Nagios is good, well, maybe system testing (Selenium) works regularly.
Edit: Hyperic and Grounding also look interesting.
There is probably a test kit system that can also support pressure testing for you. I can’t remember the name from my head, maybe someone can mention one below.
Other things that I like:
The best motto for infrastructure is always correction, detection, repair. Lift it, go to its root and cure / prevent it if you can.
Since the system exists at many levels, we must test at many levels:
Edit: to have all errors or warnings sent directly to your manager by phone by email. Thus, you can track events in one place.
1) Connection : monitor your Internet connection from the server and from the outside. Write it down somewhere
2) Server : keep track of all the processes you need to make sure they are running and not binding the server.

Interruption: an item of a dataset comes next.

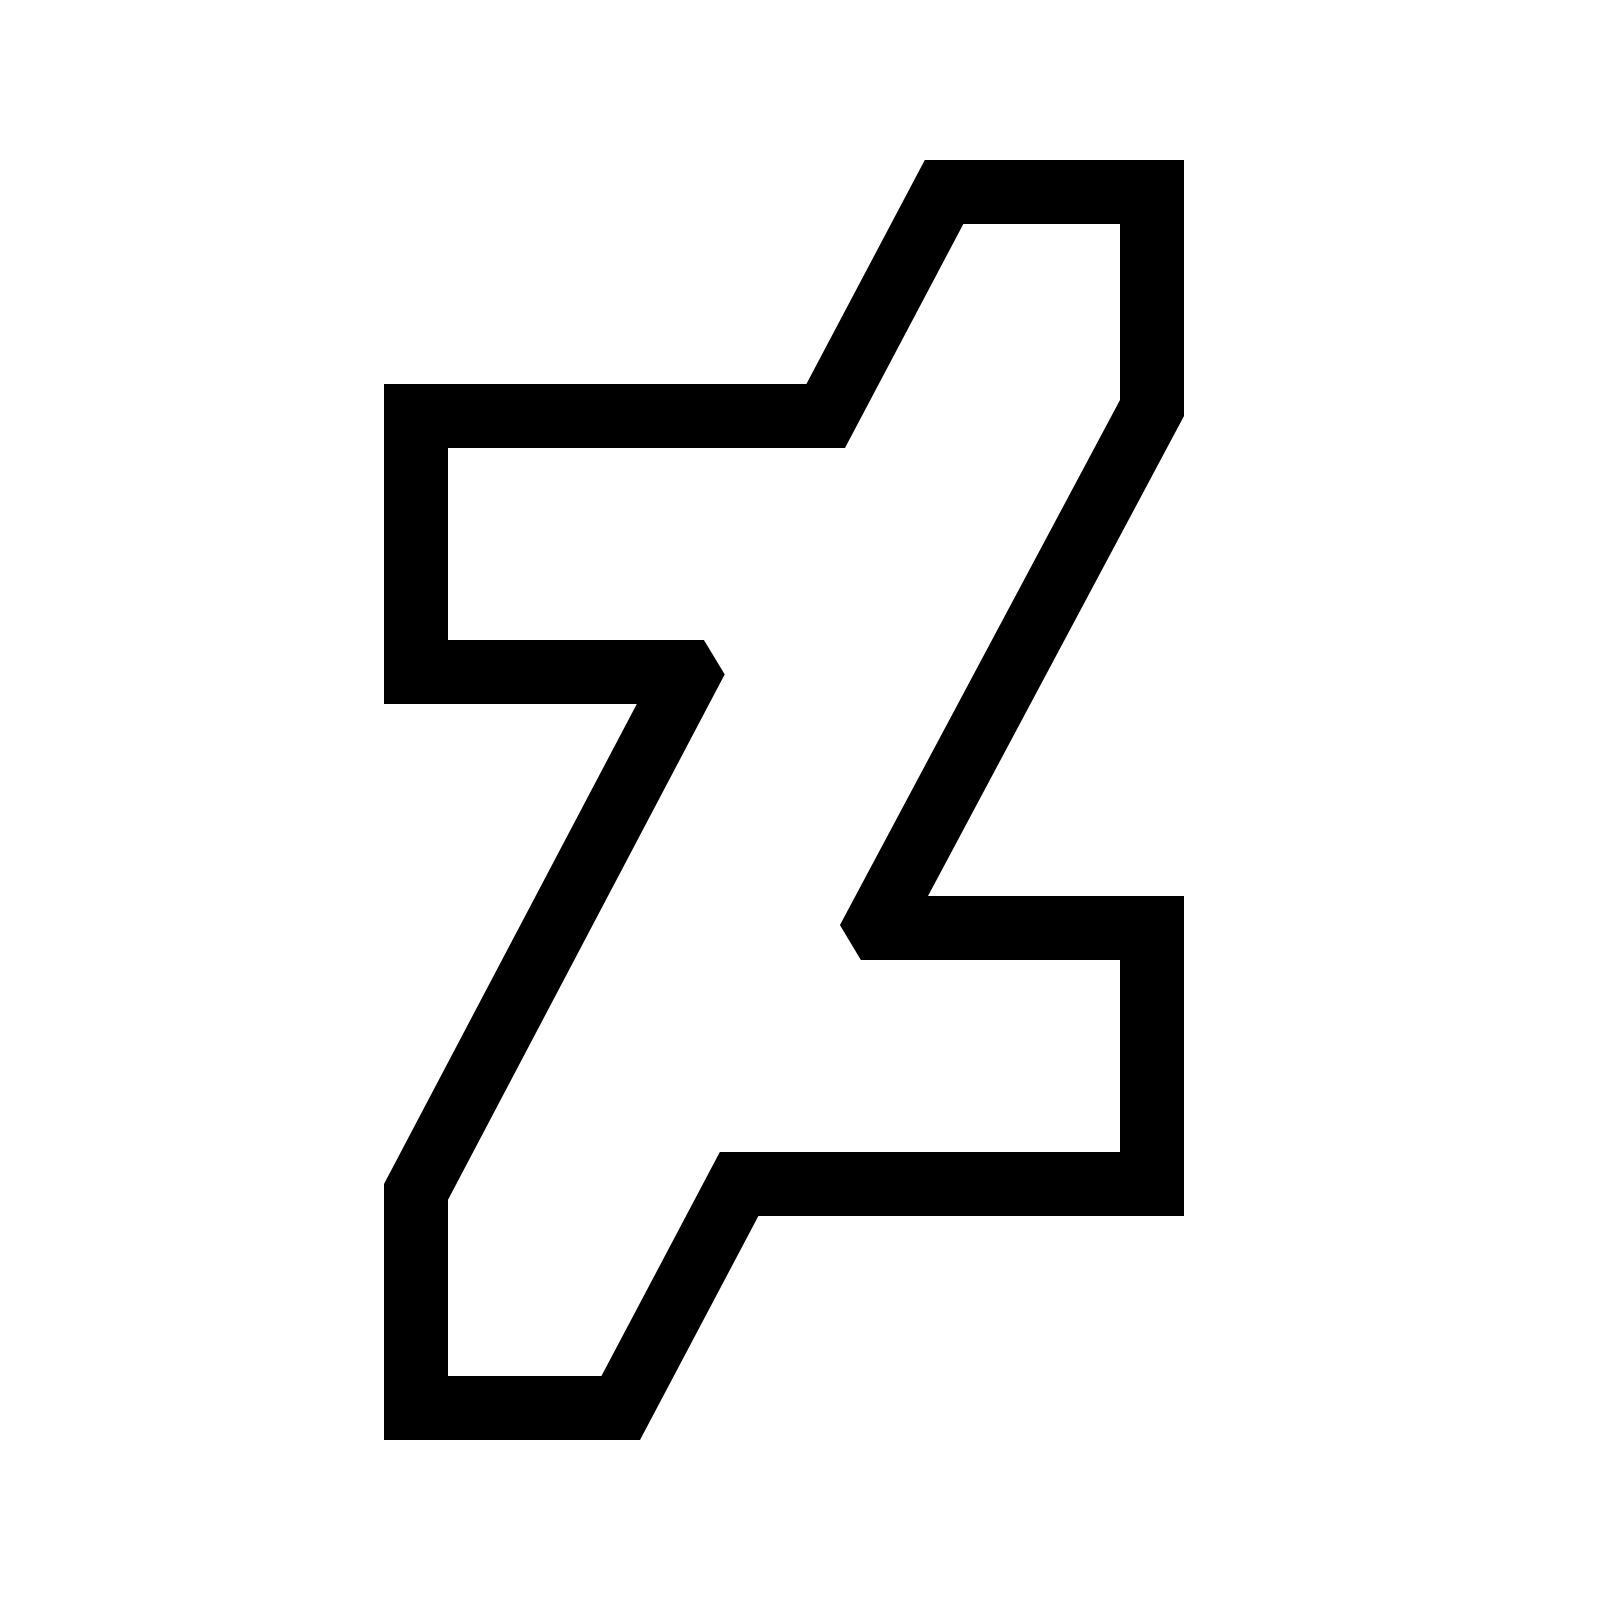 Deviantart Logo PNG - 10636

Use an HP server or something similar with a hardware failure notification that it can run from the BIOS level. Notify and register, if any.
3) Software . Identify key software that should always run. Set performance levels, if any, and then monitor them. Nagios should be able to help with this. In windows, it can be a little more. When an exception occurs, you can run a script from it to automatically restart processes. My dream system allows me to interact with servers via SMS if the server sees this as an exception that I should allow, or one that will be executed automatically if I do not cancel by sms. Once..
4) Remote power . Make sure that remote power-reset capabilities are in your hands. You might want to schedule a weekly reboot if you ever use windows for anything.
5) Testing business logic . Run scripts regularly to check your system’s workflow. Selenium can probably achieve this, but I like to record the results to say that it was at this time, and there were errors in these files. If possible, anywhere, the system will test itself through your scripts.
6) Backups . Create a backup that you can install and forget. If you can get something in virtual machines, this will be ideal as you can scale, move or deploy any part of your infrastructure anywhere. I had cases when I moved a dead server to my laptop, and let it run in vmware until I fixed the problem.